Temu Komkat Regio Jawa 2026: Berjalan Bersama Keluarga Mewujudkan Katekese yang Misioner

Komisi Kateketik Regio Jawa kembali menggelar temu karya tahunan dengan mengusung tema utama tentang keluarga. Temu karya dihadiri 57 peserta – utusan Komisi Kateketik dari tujuh Keuskupan se-Regio Jawa (Keuskupan Agung Semarang, Keuskupan Purwokerto, Keuskupan Surabaya, Keuskupan Malang, Keuskupan Agung Jakarta, Keuskupan Bogor dan Keuskupan Bandung).

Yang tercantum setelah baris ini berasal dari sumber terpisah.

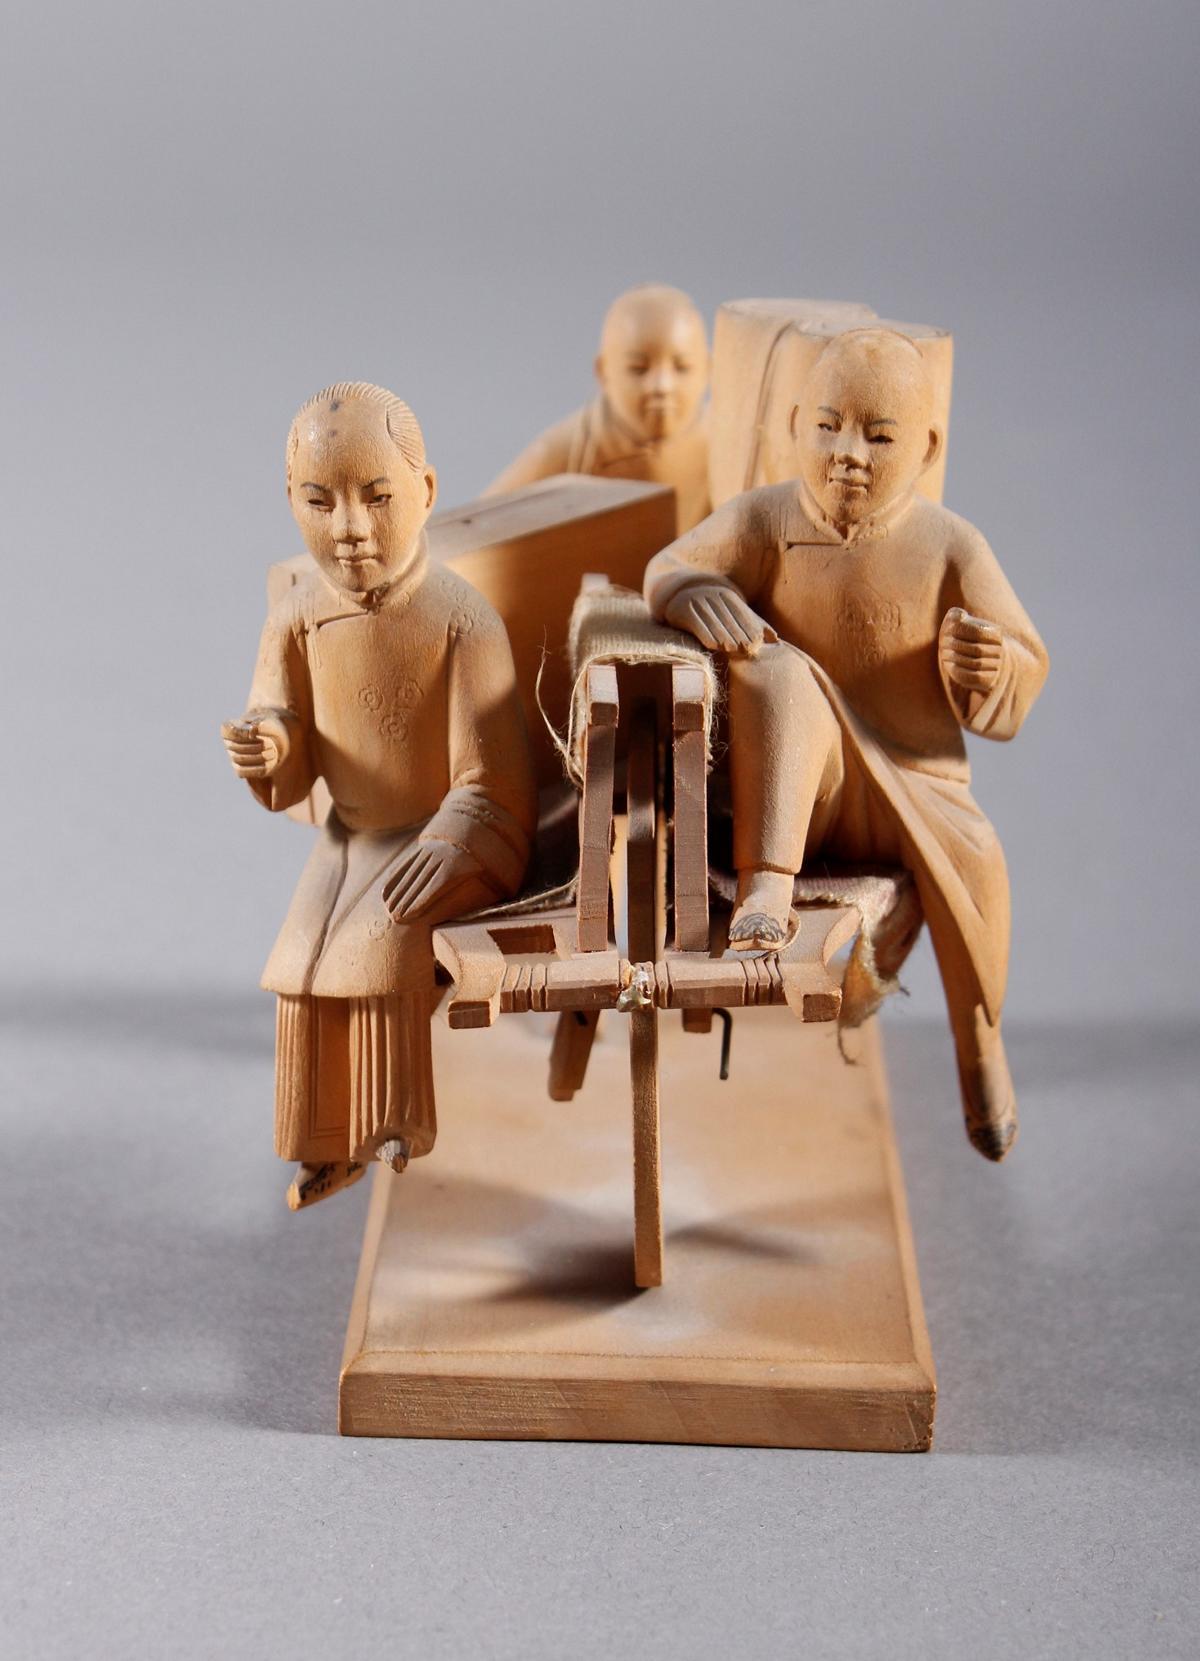 Holzschnitzerei, China um 1900-2

Temu karya yang dilaksanakan di Gedung Karya Pastoral Bumi Silih Asih, Keuskupan Bandung pada Selasa – Jumat (8 – 11 September 2026) ini memiliki tiga tujuan utama. Pertama, memperoleh pengetahuan tentang katekese keluarga yang misioner masa kini berdasarkan beberapa perspektif (teologis, psikologis dan pendampingan iman keluarga). Kedua, mendengarkan pengalaman pendampingan nyata pasangan suami istri (Pasutri) terhadap anak-anaknya (keluarga). Ketiga, merancang tindak lanjut temu karya Komkat Regio Jawa.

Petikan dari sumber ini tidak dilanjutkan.